The Birth of True Neuromorphic Chips (1990s-2000s)
In the 1990s and 2000s, the development of true neuromorphic chips accelerated. Carver Mead's pioneering work laid the foundation for creating circuits that emulate the brain's synapses and neurons. Research institutions and companies began exploring neuromorphic architectures for specialized applications like pattern recognition and sensory processing.
Early Concepts (1940s-1980s)
The roots of neuromorphic hardware can be traced back to early computational neuroscience efforts in the 1940s. Researchers explored mimicking the brain's structure and functionality. In the 1980s, the concept of neuromorphic engineering gained momentum, focusing on hardware implementations inspired by the brain's neural networks.
Discontinued or Unsupported
Loihi - Intel
Loihi 1 is Intel's advanced neuromorphic chip, designed to mimic brain-like processing, enabling efficient, adaptive machine learning applications.
NeuroGrid (BrainDrop) - Stanford
Neurogrid is a specialized neuromorphic hardware system that enables real-time simulation of neural models with up to 1M neurons & 8B synapses using low-power mixed-signal silicon neuron circuits arranged in 16 chips & interconnected via multicast routing.
ROLLS - INI
ROLLS is a reconfigurable neuromorphic chip with 256 silicon neurons and 128K plastic synapses that implements spike-timing learning rules. It allows emulation of neural systems with adaptive behaviors using analog neuron/synapse circuits with added digital configuration logic for flexibility.

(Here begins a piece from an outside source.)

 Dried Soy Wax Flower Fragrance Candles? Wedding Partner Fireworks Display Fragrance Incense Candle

Tianjic - Tsinghua University
Tianjic supports both spiking and non-spiking models. Its motivation is to enable hybrid networks that blend biological plausibility from neuroscience with predictive accuracy from deep learning.
TrueNorth - IBM
TrueNorth is a 5.4B transistor, 4096 core, 1M neuron, 256M synapse neurosynaptic chip implemented in 28nm. Through a mixed async-sync design & custom toolflow, it achieves 58GSOPS & 400GSOPS/W efficiency while running neural networks in 65mW real-time.
Glossary
- Spiking Neural Network (SNN): A type of artificial neural network that closely models the spiking behavior of biological neurons, utilizing discrete spikes or pulses of activity for information processing.

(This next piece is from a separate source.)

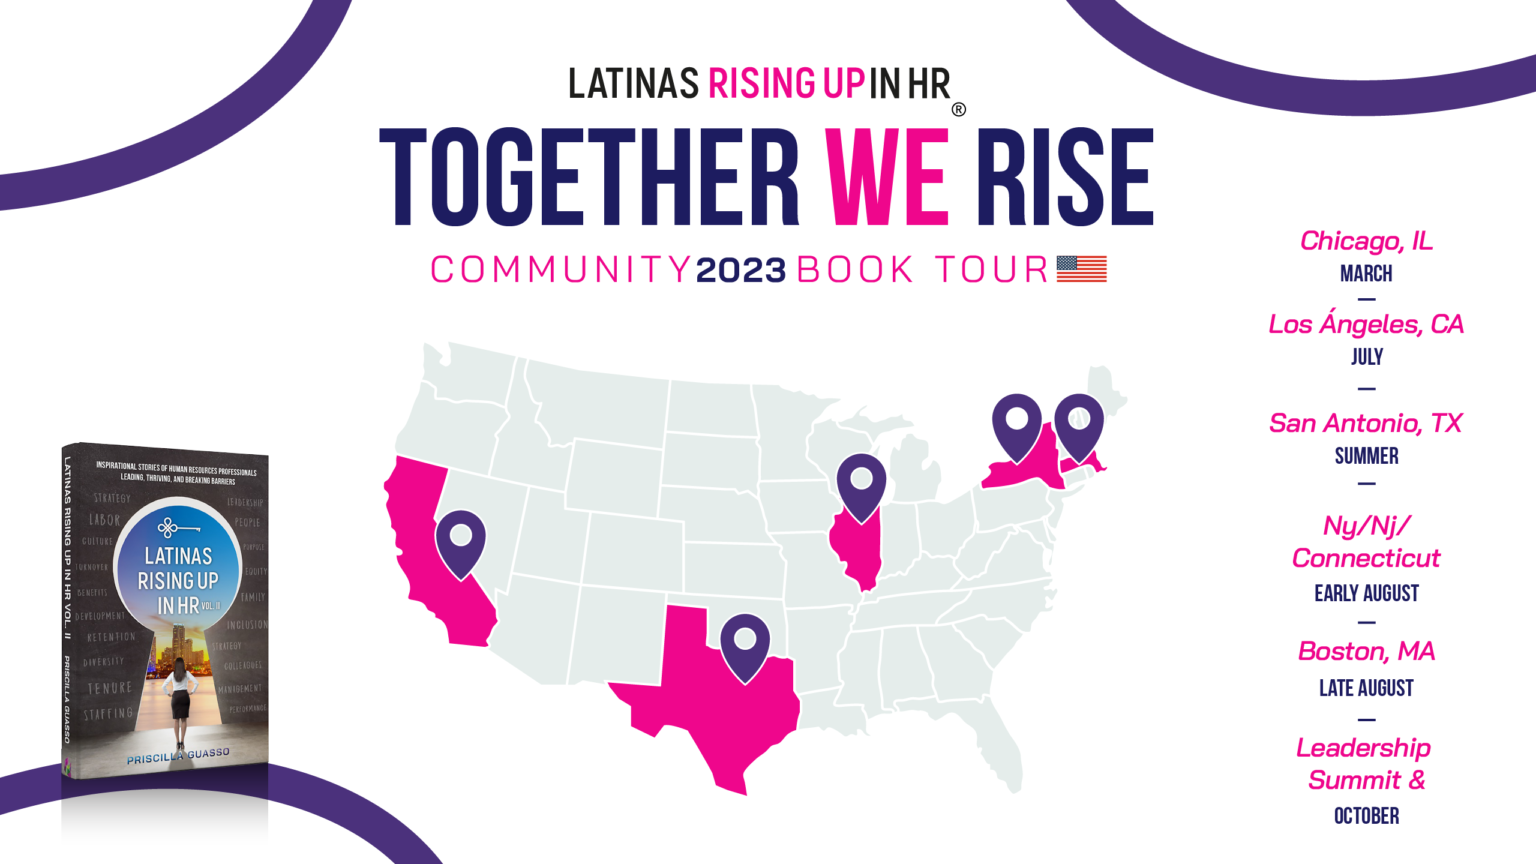 Together We Rise: Community 2023 Book Tour - Latinas Rising Up in HR

- Event-Driven Computation: A computing paradigm where processing occurs in response to specific events or stimuli, allowing for energy-efficient operation and asynchronous communication between components.

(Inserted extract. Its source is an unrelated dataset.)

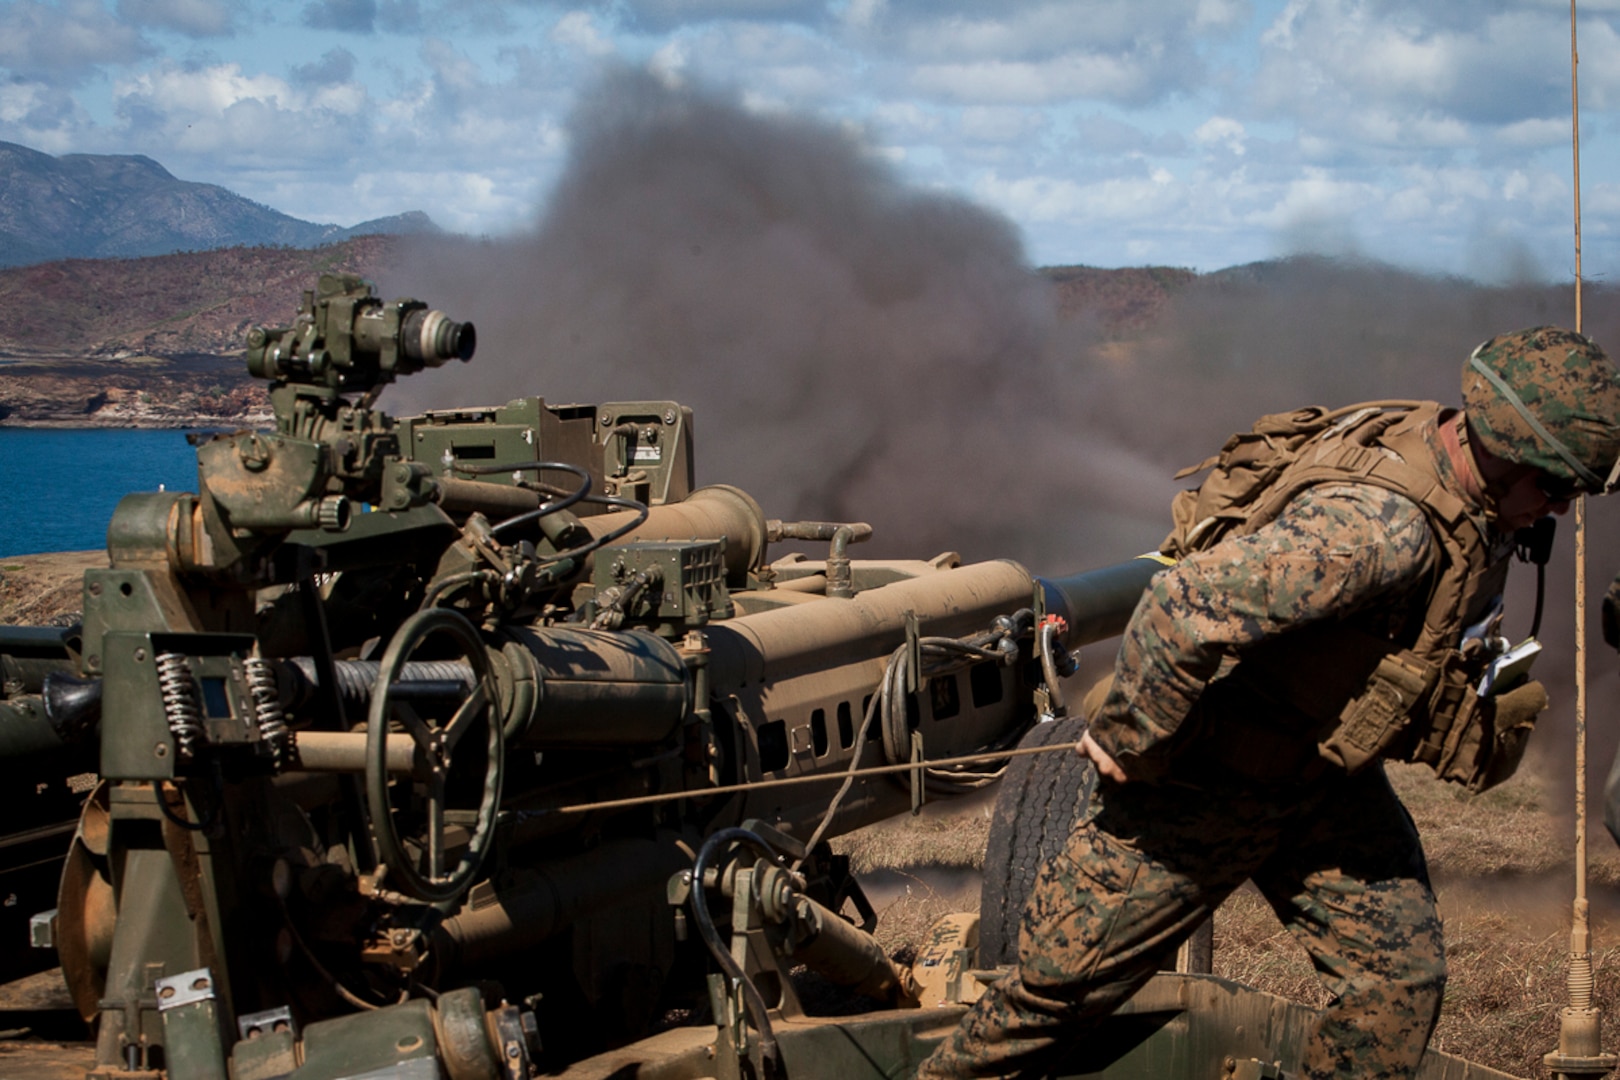 Sgt. William Fabrocini, a fire direction center chief with Weapons Company, Battalion Landing Team, 3rd Battalion, 5th Marines, pulls the lanyard on an M777A2 155 mm howitzer as part of direct-fire training during Exercise Talisman Saber 17 on Townshend Island, Shoalwater Bay Training Area, Queensland, Australia, July 17, 2017. Fabrocini, a native of Van Nuys, California, enlisted in 2009 after graduating from Van Nuys High School. BLT 3/5 is the Ground Combat Element for the 31st Marine Expeditionary Unit, and is exploring state-of-the-art concepts and technologies as the dedicated force for Sea Dragon 2025, a Marine Corps initiative to prepare for future battles. Talisman Saber is a biennial exercise designed to improve the interoperability between Australian and U.S. forces. The 31st MEU is taking part in Talisman Saber 17 while deployed on a regularly-scheduled patrol of the Indo-Asia-Pacific region. (U.S. Marine Corps photo by Lance Cpl. Stormy Mendez/Released)

- Synapse: The functional connection between two neurons or between a neuron and another cell, where signals are transmitted through chemical or electrical means.
- Plasticity: The ability of synapses to strengthen or weaken over time, a key feature in neuromorphic hardware that enables learning and adaptation.
- Spike-Timing-Dependent Plasticity (STDP): A type of synaptic plasticity in which the timing of neural spikes influences the strength of the synapse, essential for learning and memory in neuromorphic systems.
- Memristor: A resistor with memory, a key component in neuromorphic hardware that can store and process information, mimicking the synaptic plasticity found in biological systems.
- Neuromorphic Chip: A specialized hardware component designed to implement neuromorphic computing principles, often featuring a large number of simple, interconnected processing units.
- Neuromorphic Engineering: The interdisciplinary field that combines principles from neuroscience, physics, computer science, and engineering to design and build brain-inspired computing systems.
- Event-Based Sensor: A sensor that captures and transmits information in an event-driven manner, aligning with the principles of neuromorphic hardware for efficient and low-latency data processing.
- SpiNNaker (Spiking Neural Network Architecture): A neuromorphic computing platform designed for simulating large-scale spiking neural networks, with a focus on real-time processing and parallel communication.